До и после «Чучела» | страница 10



— Я не буду говорить стихов! Они надо мной смеются! Нельзя смеяться над человеком! — Я где-то слышал эти слова, и они мне очень нравились.

Как только зритель из моих уст услышал: «Нельзя смеяться над человеком!» — все стали хохотать до слез… Женщина снова взяла меня на руки, снова поставила на стул и успела шепнуть добрым голосом:

— Продолжай, у тебя хорошо получается.

Когда человеку в четыре года говорят добрым голосом, он же верит! Я смотрел на зрителя и думал: «Они с ума сошли — они так хохочут, что могут не услышать, как у меня замечательно получается». И тогда я принялся орать стихи дурным голосом.

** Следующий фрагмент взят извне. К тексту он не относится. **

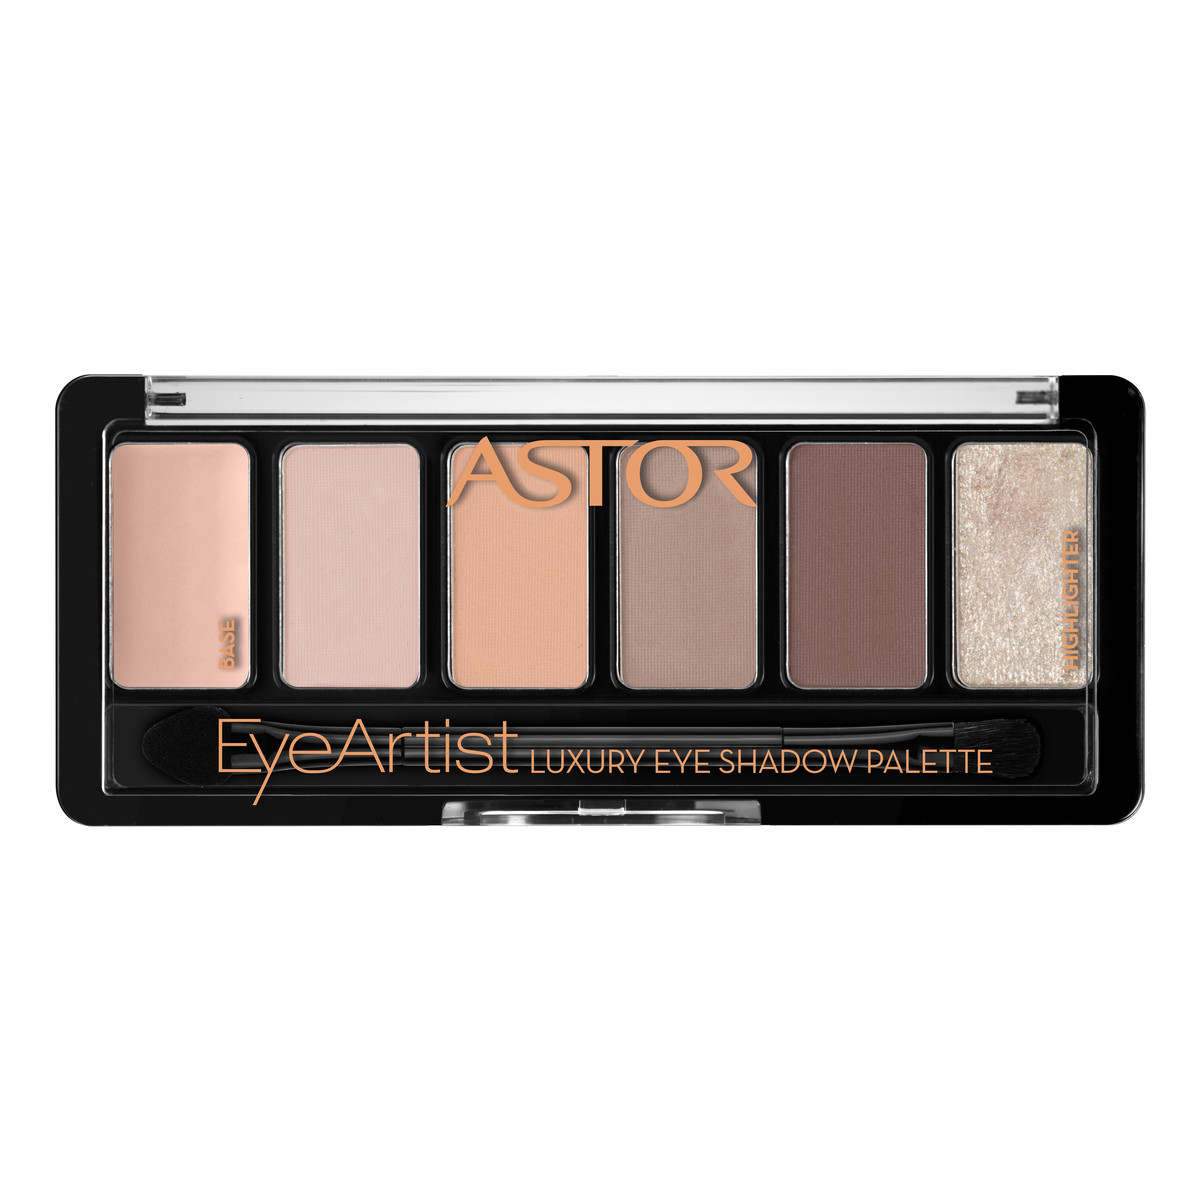 Astor Eye Artist Luxury Eye Shadow Palette Paleta cieni do powiek 5g

Зрители стали хохотать еще громче. Тогда я стал орать благим матом. В зале засмеялись еще пуще, это уже был не смех, а стон… Несмотря на это, я доорал стихотворение до конца, слез со стула и ушел за кулисы. Мне аплодировали. Женщина сказала:

— А теперь надо идти кланяться…

Тут я обиделся окончательно, даже слезы на глазах выступили, и сказал: «Не пойду кланяться!» Я знал, что кланяться — унизительно, что это стыдно. У нас во дворе, когда ругались, часто говорили:

— Что я тебе буду кланяться, что ли!

И поэтому я, готовый заплакать, почти кричал:

— Не пойду кланяться!

И вот тут моя подруга четырехлетняя, имевшая на меня все-таки решающее влияние, своим противным голосом, которого я не выдерживал и готов был сделать все, что угодно, лишь бы она перестала, заныла:

— Ну, иди-и-и-и-и-и-и!.. Тебе же говоря-а-а-а-а-а-а-т!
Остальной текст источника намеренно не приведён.